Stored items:
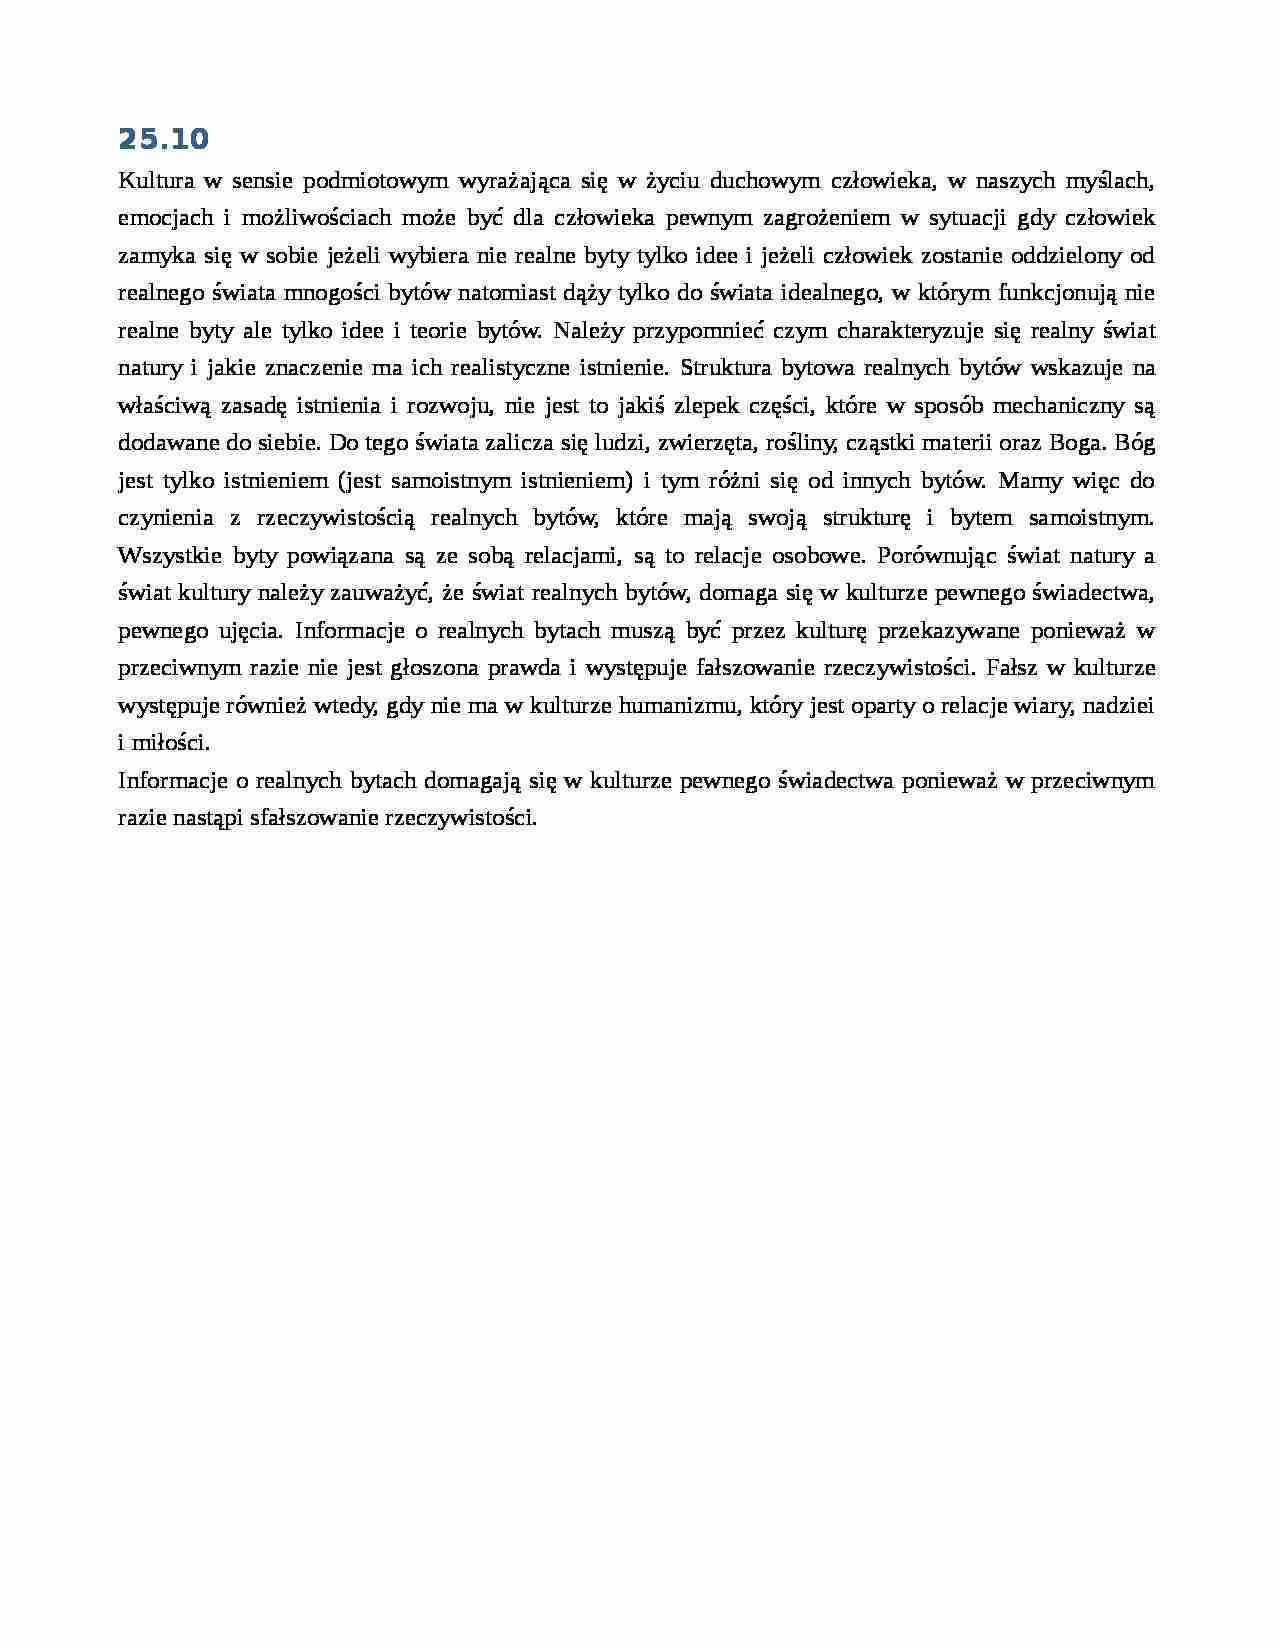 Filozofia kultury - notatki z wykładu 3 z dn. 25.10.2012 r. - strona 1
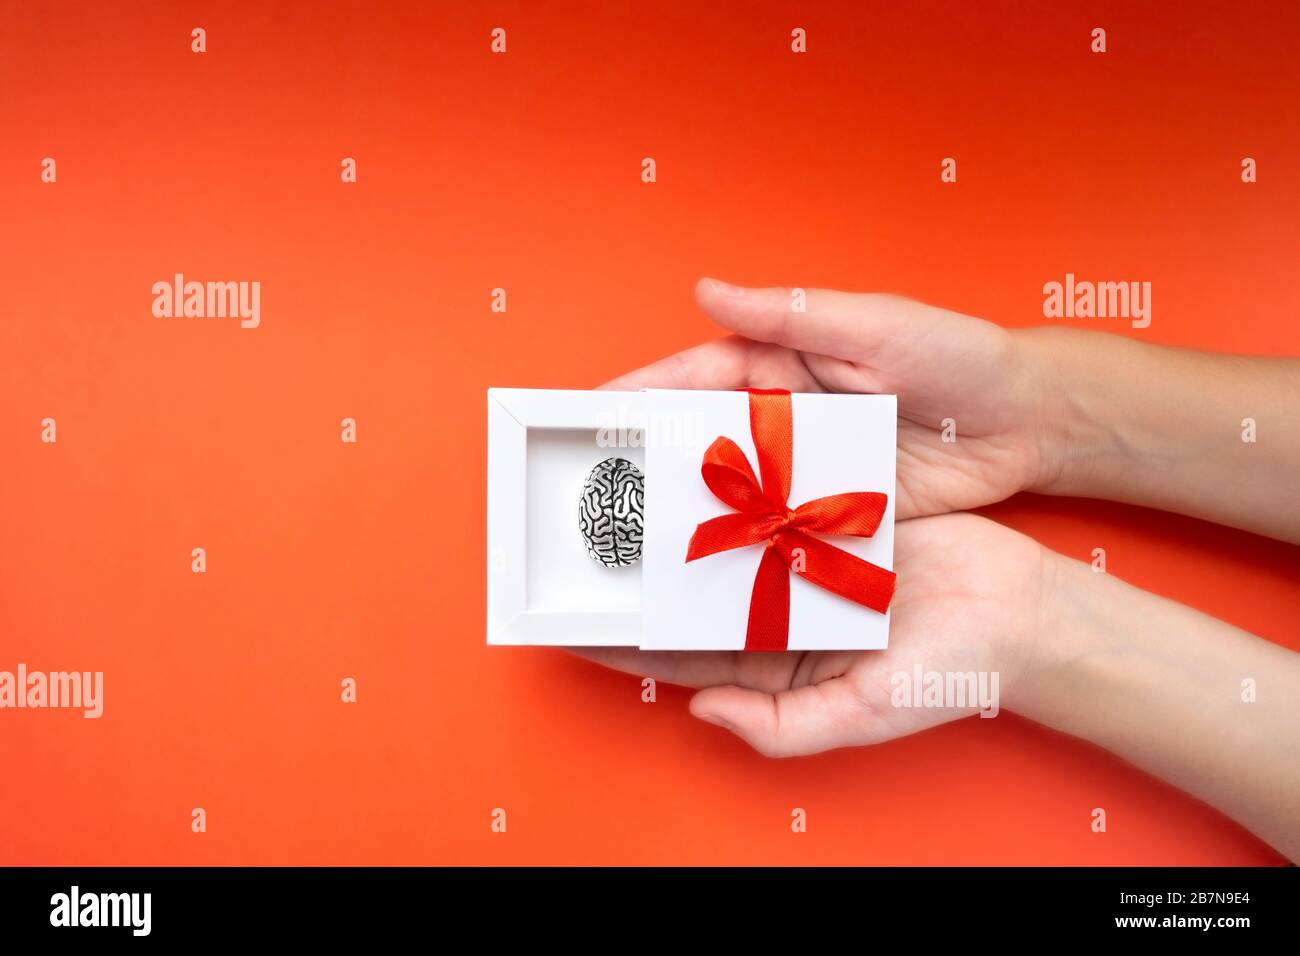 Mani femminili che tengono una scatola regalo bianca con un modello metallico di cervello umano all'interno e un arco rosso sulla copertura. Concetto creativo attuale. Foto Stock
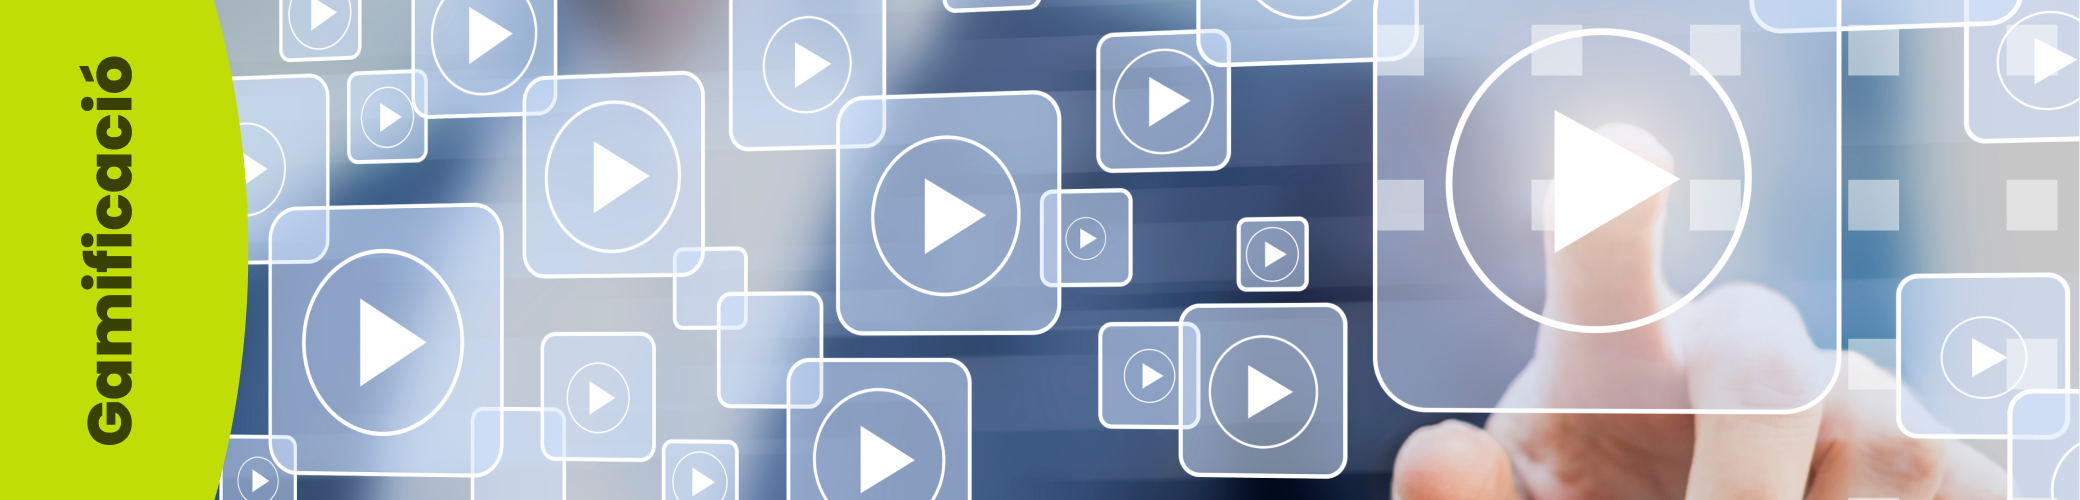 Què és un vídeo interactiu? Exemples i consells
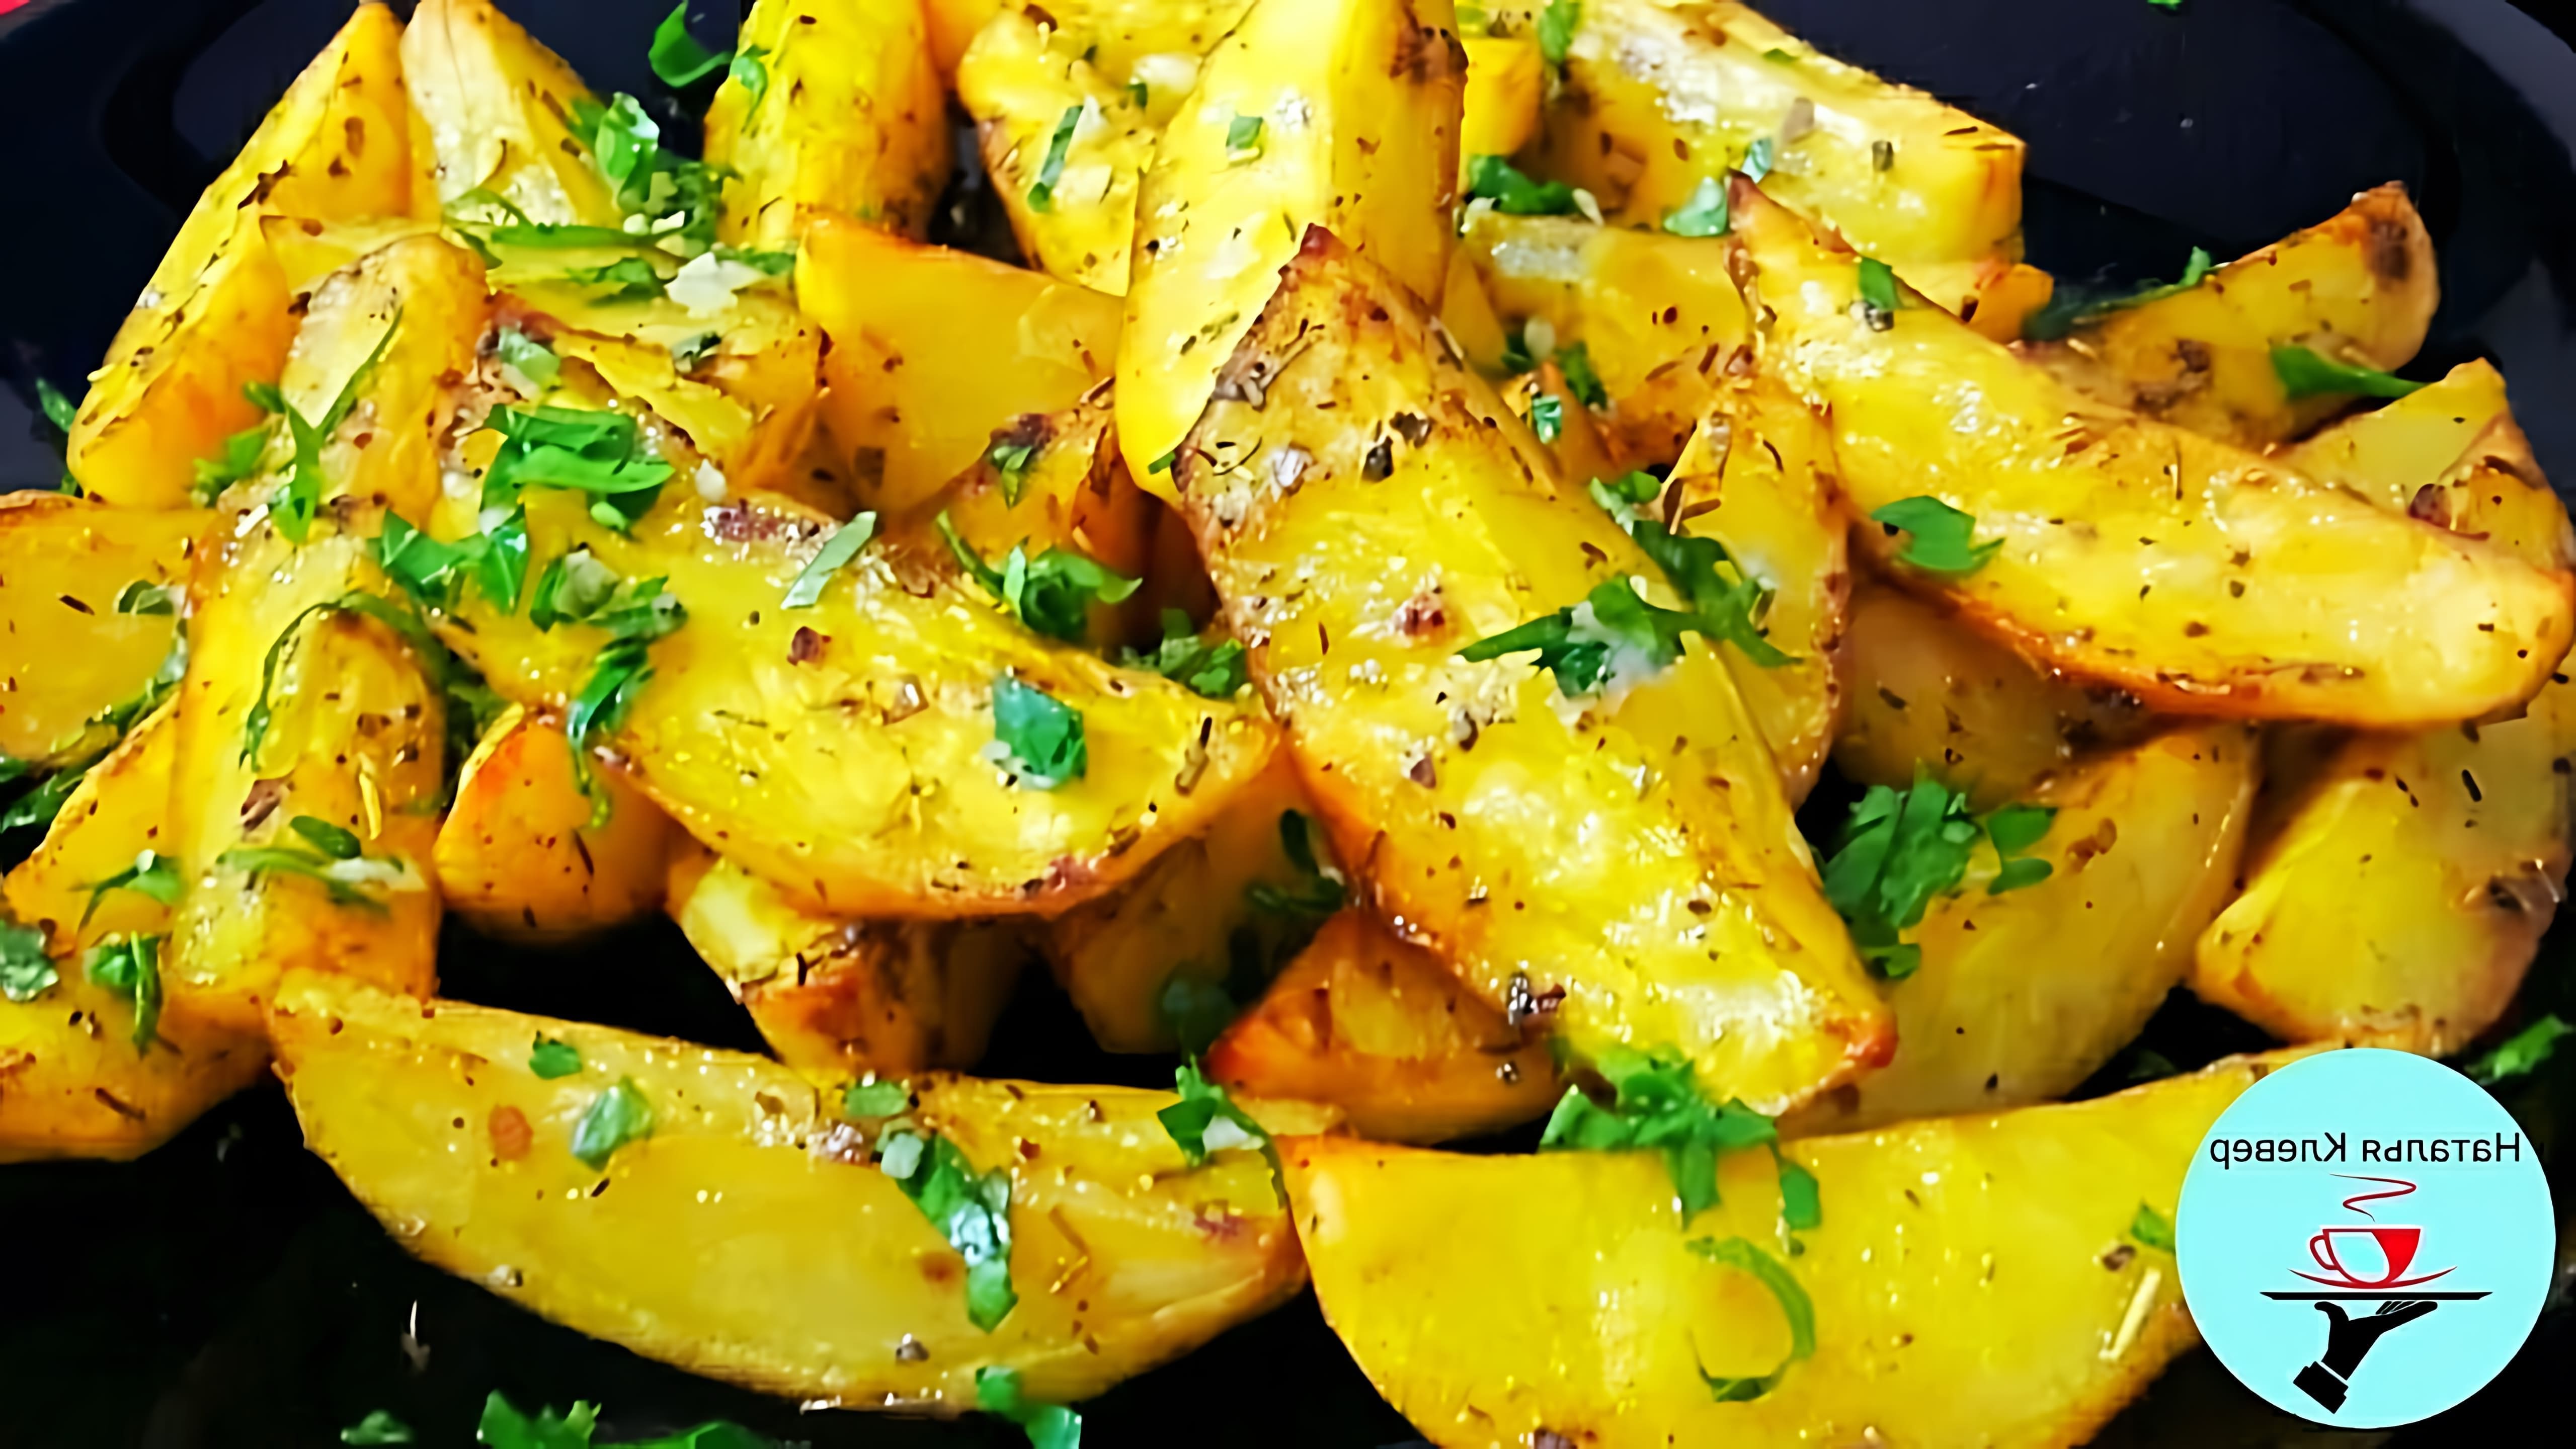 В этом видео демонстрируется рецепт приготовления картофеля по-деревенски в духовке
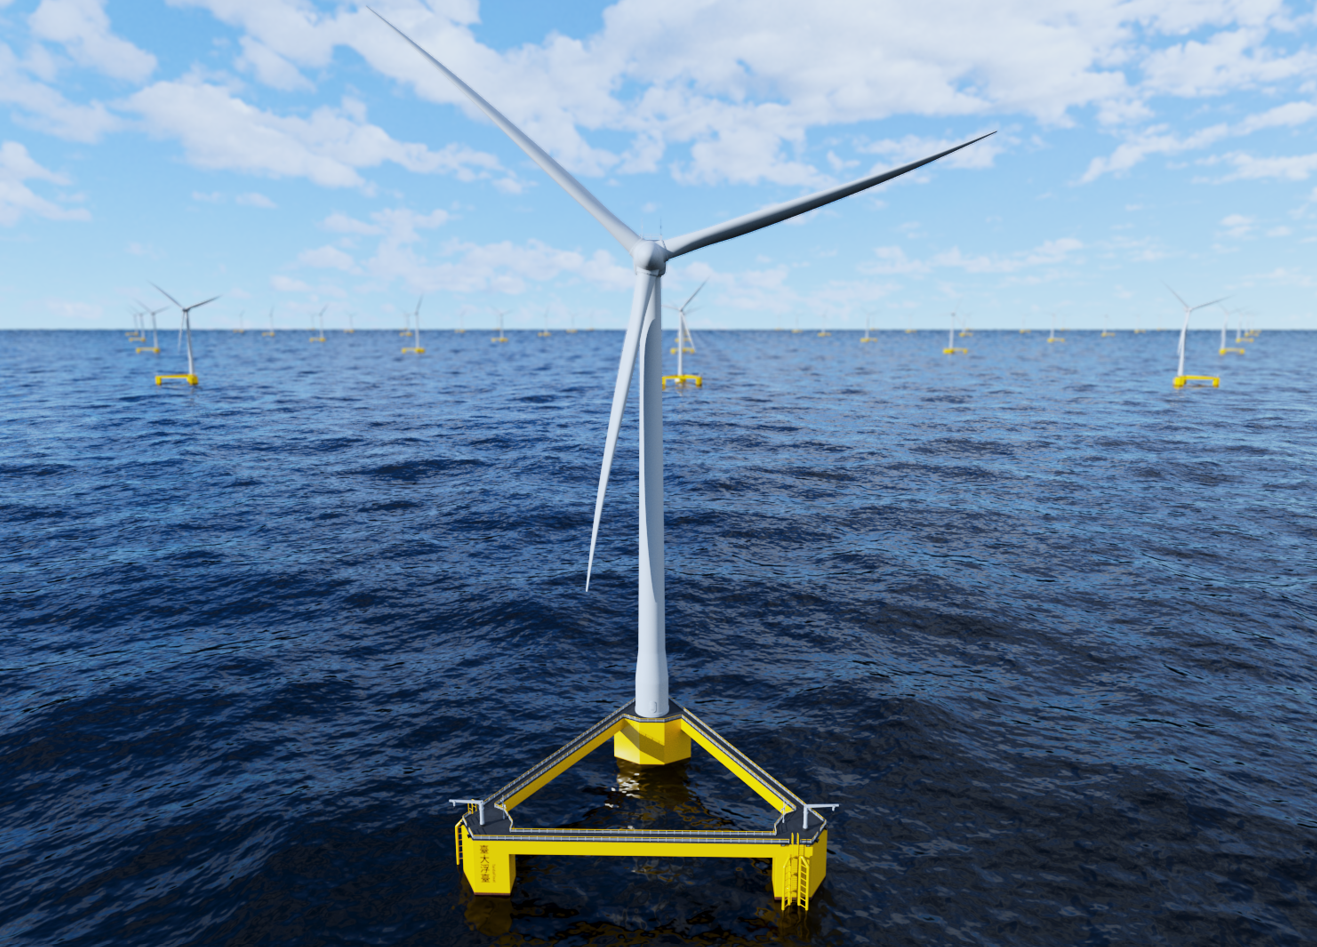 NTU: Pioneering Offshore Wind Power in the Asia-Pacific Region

What you need to do: When the line containing "В этом видео" is reached, write out that line and each one after it exactly, ending with the last line of the records; pictures are not copied.

Result:
 В этом видео демонстрируется рецепт приготовления картофеля по-деревенски в духовке
 NTU: Pioneering Offshore Wind Power in the Asia-Pacific Region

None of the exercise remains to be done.